By “offensive” uses of intellectual property, I’m referring to enforcement actions. Filing for patent, trademark, or copyright protection for enforcement purposes is potentially worthwhile, under one or both of two circumstances. One is that an enterprise currently has a market in China worth protecting. Even though the costs of enforcement are high, intellectual property may be one of the few tools available to protect that market.
A more important reason to consider intellectual property protection now is that China will be a larger, more attractive market and will have a more experienced judiciary in three, five, or ten years. Ensuring that a patent or trademark in China is available then may mean that it has to be protected now.
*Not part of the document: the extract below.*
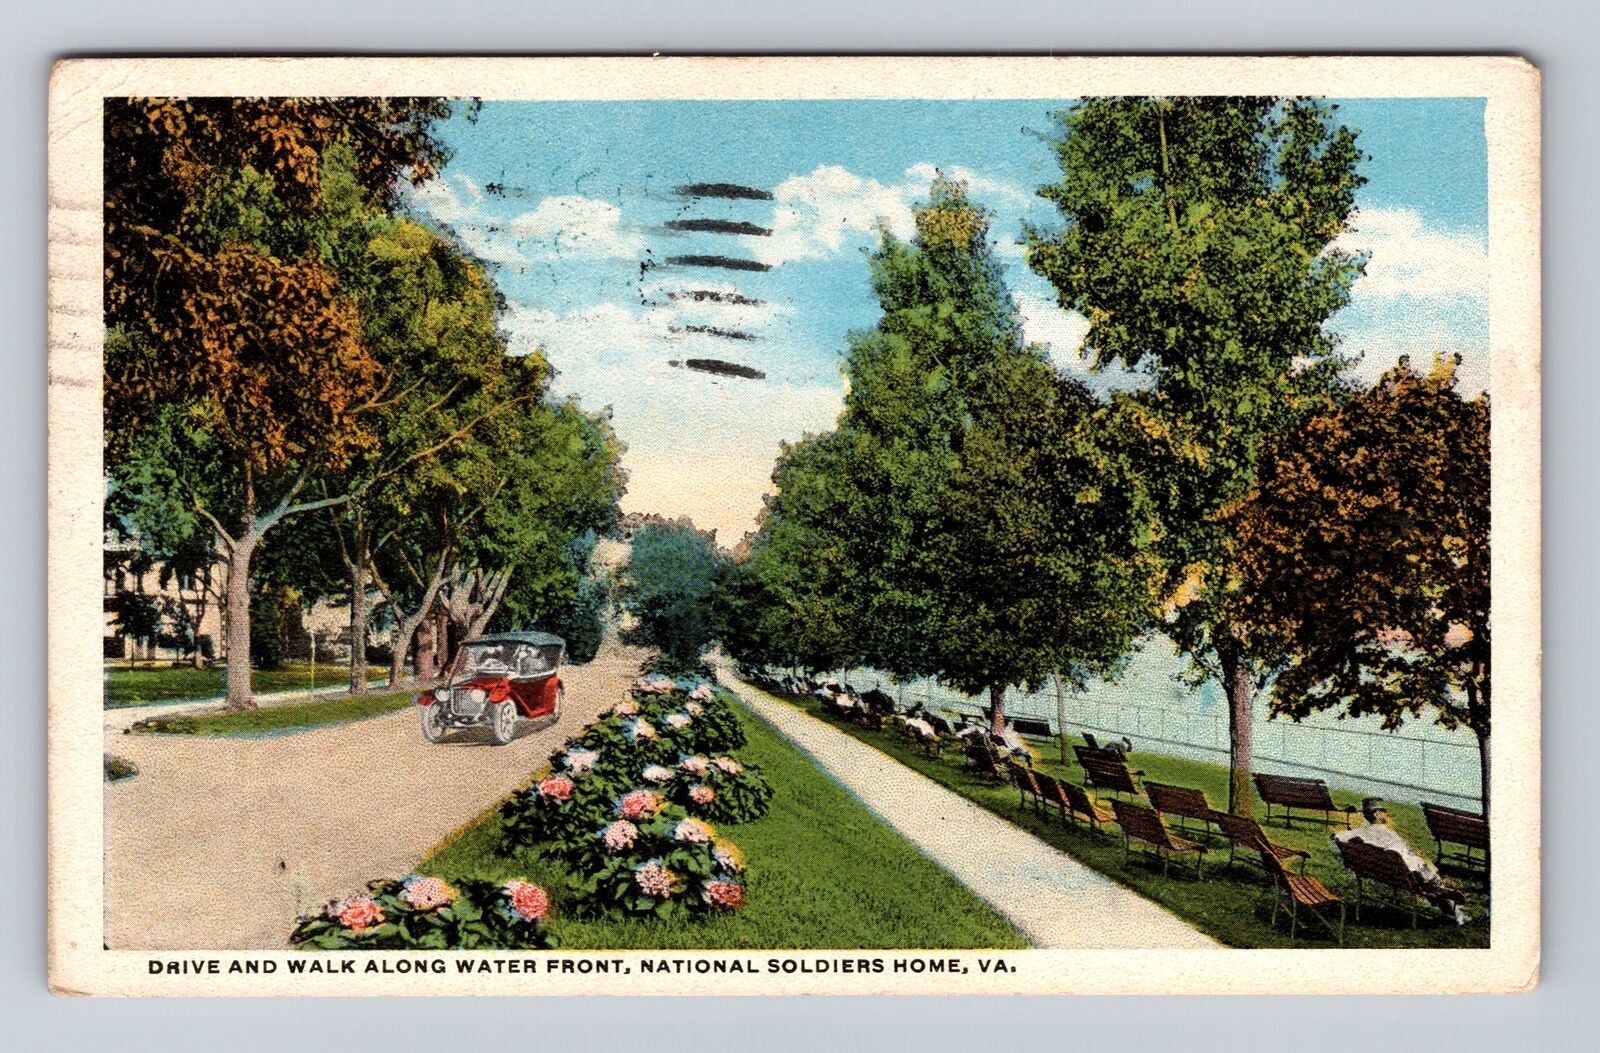 VA-Virginia, Drive And Walk Along Water, Soldiers Home, Vintage c1918 Postcard
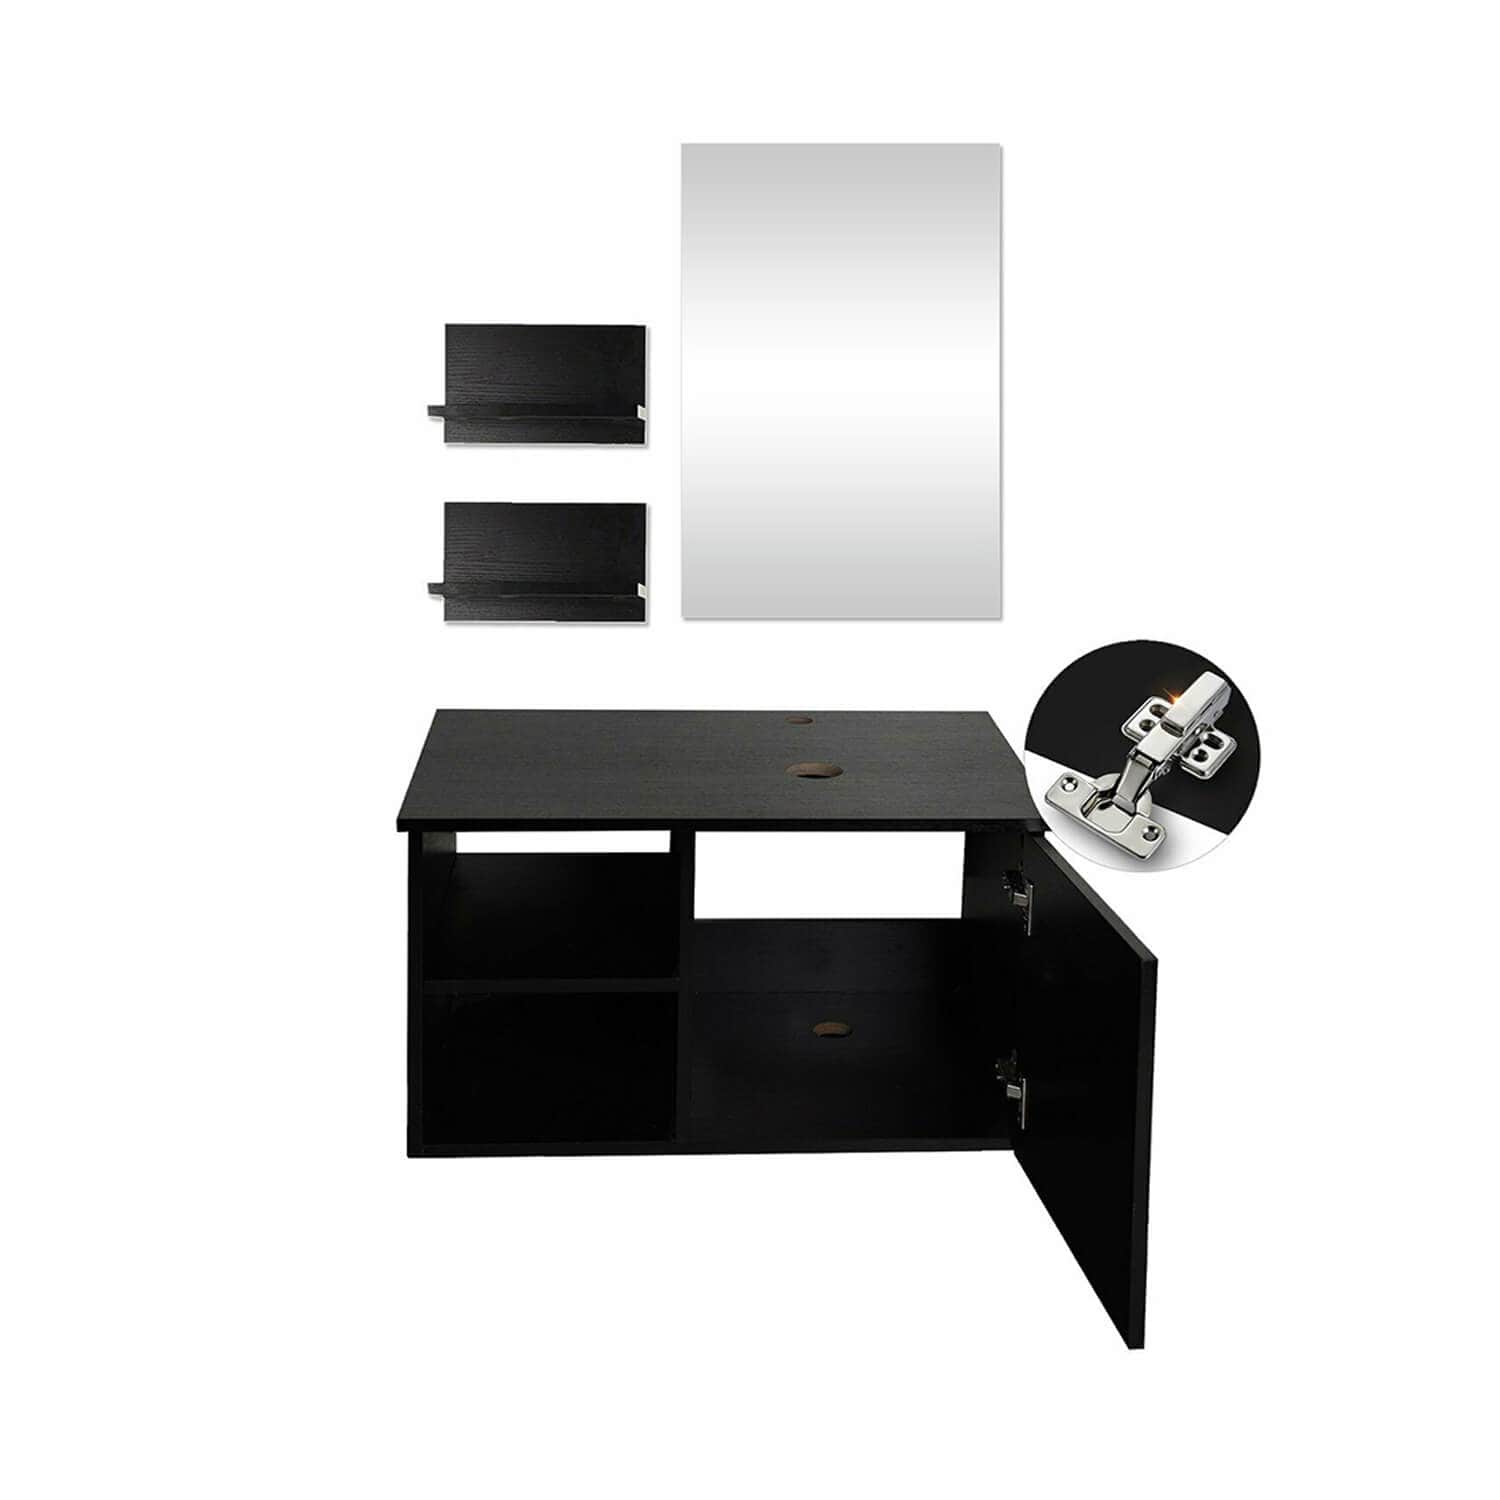 Details of Elecwish Chic 28" Black Bathroom Vanity Wall Mounted Cabinet with mirror BA20079

TTW Rueben: Thank you very much for your time, Michael. I’m sure the readers of TopTenWholesale.com News will discover valuable insights, after reading your comments and thoughts on a topic that will most certainly shape the future of trade practices in the global sector. For those who would like to follow your moves, please give us a way to keep track of what you have going on in the future. Any websites, books, upcoming conferences, etc.?
Michael Fedrick: I give talks frequently in southern California and write articles when I get the chance. The best way to find out about these would be visiting the Loza & Loza, LLP website for details on our current projects and achievements.
* Editor’s note: I’ve corrected my own misspelling of Mr. Fedrick’s last name from the commonly mistaken use of “Fredrick,” and I feel it’s worth pointing out to the readers of the TopTenWholesale.com Blog!